Bob Lamphere and Meredith Gardner could not have been more different. One was a tough-minded, gregarious FBI agent, the other a brilliant ascetic, fluent in more than a dozen languages but so withdrawn that he found friendship difficult if not impossible. Howard Blum's fascinating history of Lamphere and Gardner's partnership sheds light on a segment of Cold War history that is still shrouded in mystery: the long effort to detect and defeat Soviet espionage in the United States during and after World War II.Lamphere and Gardner's story is intertwined with the larger Cold War history that includes the Venona Papers (the decoding of which was primarily their work) and the most infamous of the spies who stole the secrets of the atom bomb and gave them to the Soviets: Julius and Ethel Rosenberg, David Greenglass, Klaus Fuchs, and many others. The atmosphere of the war years and the late 1940s and early 1950s, when the US and the Soviet Union were first allies and then rivals, is well created. I especially enjoyed Blum's inclusion of material on the spies' primary KGB handler "Sasha," which gives US readers a perspective we don't often see.This is a book aimed at the general reader, but it is well sourced and thoroughly documented. Though Lamphere and Gardner will never be as well known as some of the spies they helped uncover, the story of two very different men who found common cause is well worth reading.

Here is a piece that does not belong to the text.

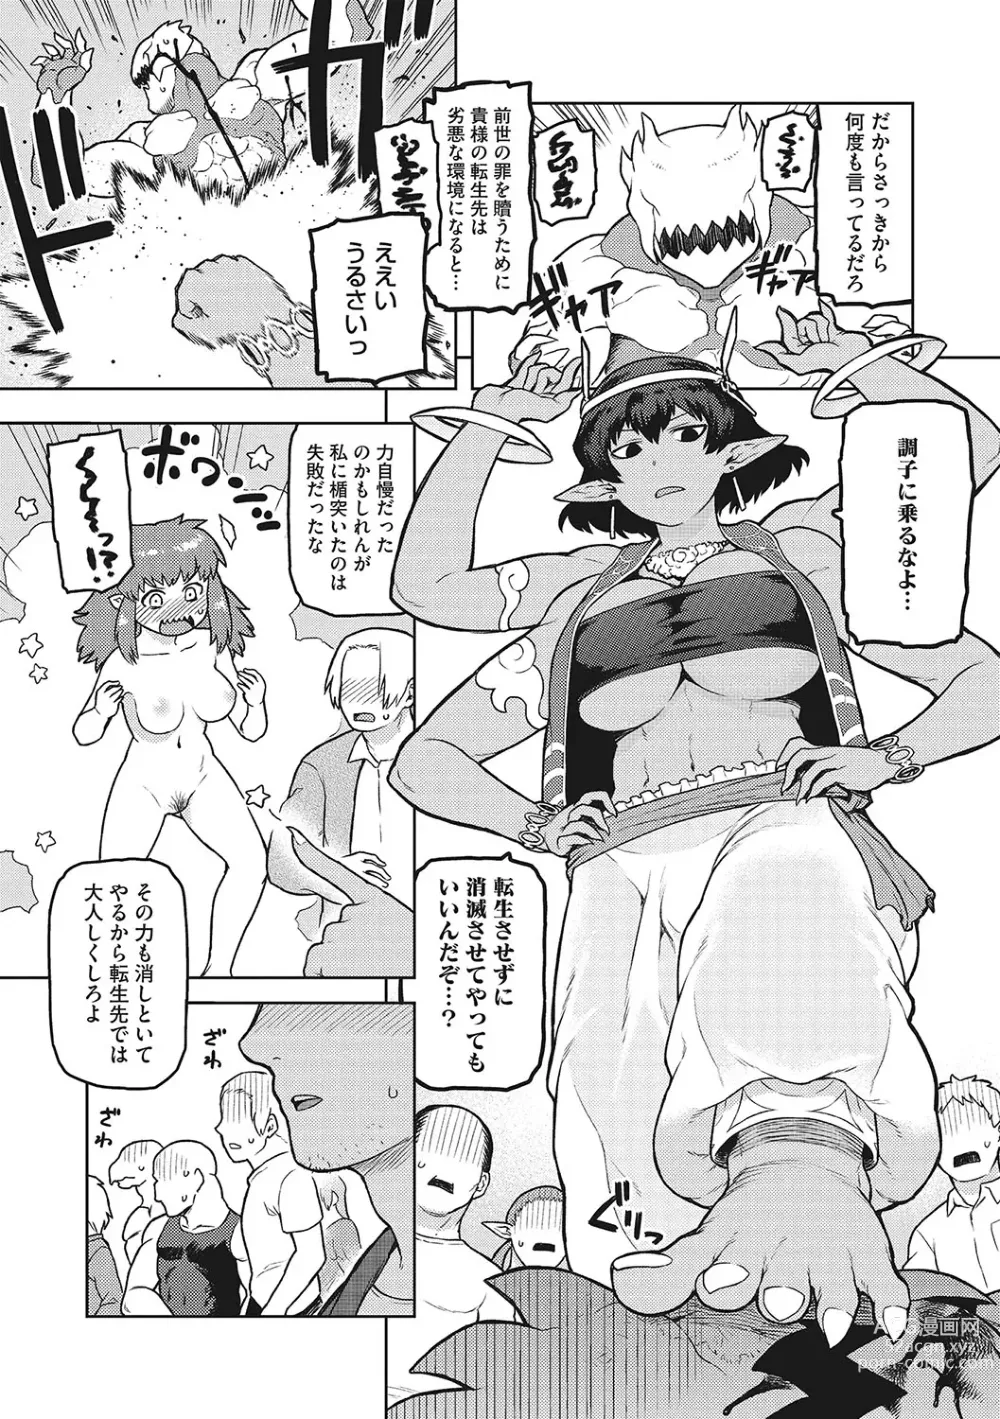 Page 4 of manga I.SyuWa.Karn Alph Lyla

The story of how an FBI agent and a codebreaker teamed to crack a Soviet spy cell is told in suspenseful detail, with the various pieces of the jigsaw puzzle gradually fitting together. We are reminded of the shifting loyalties of the era--the USSR (look it up if you don't know what that stands for) starts out as our ally in the war against fascism and quickly morphs into our worst enemy.I can remember people saying that the Rosenbergs were wholly innocent victims of McCarthyism. As this book establishes, the truth was far more complex. Julius was the head of a spy ring and deserved punishment although not execution. He was spying for a country that was then an ally of the US, much like Jonathan Pollard who spied for Israel and served decades in prison. As for Ethel, she must have known what her husband was up to, but it's unclear whether she even committed a crime much less deserved to die.This book fills in some of the blanks from that era and I recommend it to anyone interested in Cold War history.